Eliminating grant deadlines is a feminist issue

“You’re such a productive academic mama! I didn’t do anything the first 4 months after my kid was born.”

Reading this recently in my inbox was unsettling. It was in reference to the fact that I was writing and replying to emails, with an infant at home.  What the sender didn’t, doesn’t, understand is that I don’t feel like I have much of a choice.  As an early career academic trying to figure out The Next Steps (AKA someone hire / fund me please!), there are a round of grant + fellowship deadlines this fall that won’t come up again for at least another year. And by then I won’t be eligible for at least one of them. In other words, external forces just don’t care what else I have going on. Their deadlines are not negotiable.
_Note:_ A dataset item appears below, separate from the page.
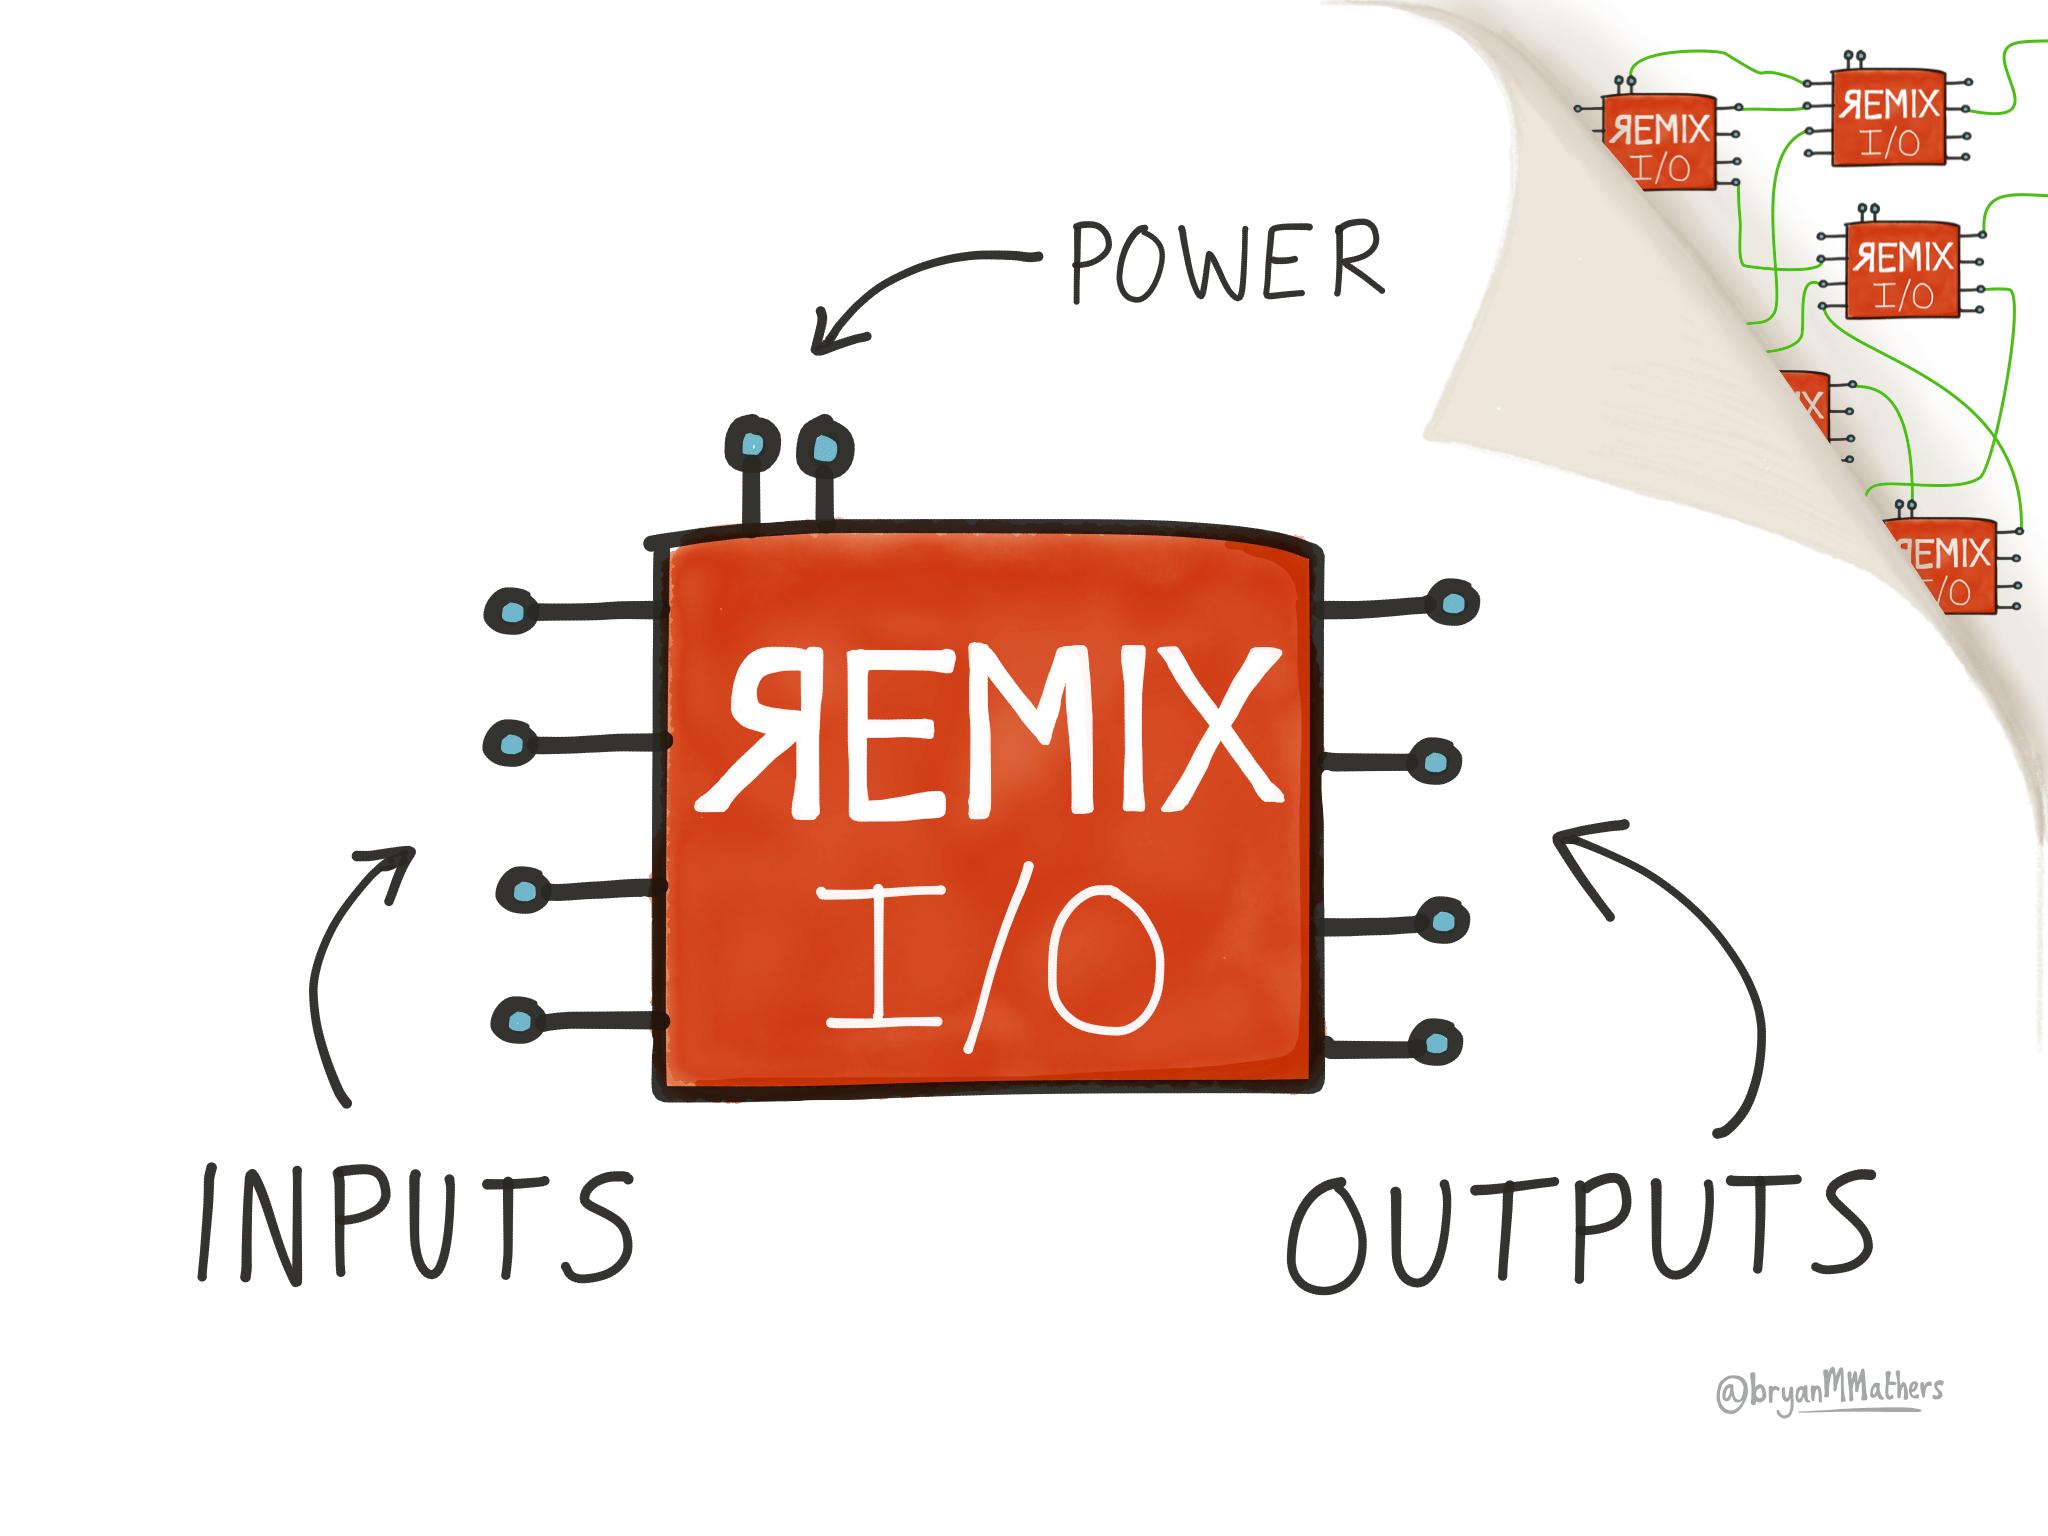 Remix I/O

To some extent, I get it. I really do. I’ve ended up backing out of or turning down several things this fall that understandably are time-sensitive and involve large groups of other people- conferences, workshops. Deadlines and set time-frames help organize these groups and keep everyone on task. And these opportunities are important, but I just couldn’t make them work this fall.* One workshop required that I teach a module to peers on a pre-determined schedule, which I couldn’t commit to [with an infant nursing on demand who isn’t taking a bottle]. One conference was willing to let me present remotely/electronically, but said I had to commit to being available to answer questions live [again, I didn’t think that was a realistic option personally].

But I truly do not believe that this kind of inflexibility needs to be true for all academic opportunities. I feel especially strong about this when it comes to grant deadlines. 

There is already an ongoing movement to eliminate some grant deadlines in exchange for rolling deadlines. The latest NSF program to eliminate deadlines is in plant genomics, but NSF started their tinkering with this initiative years ago in the geosciences.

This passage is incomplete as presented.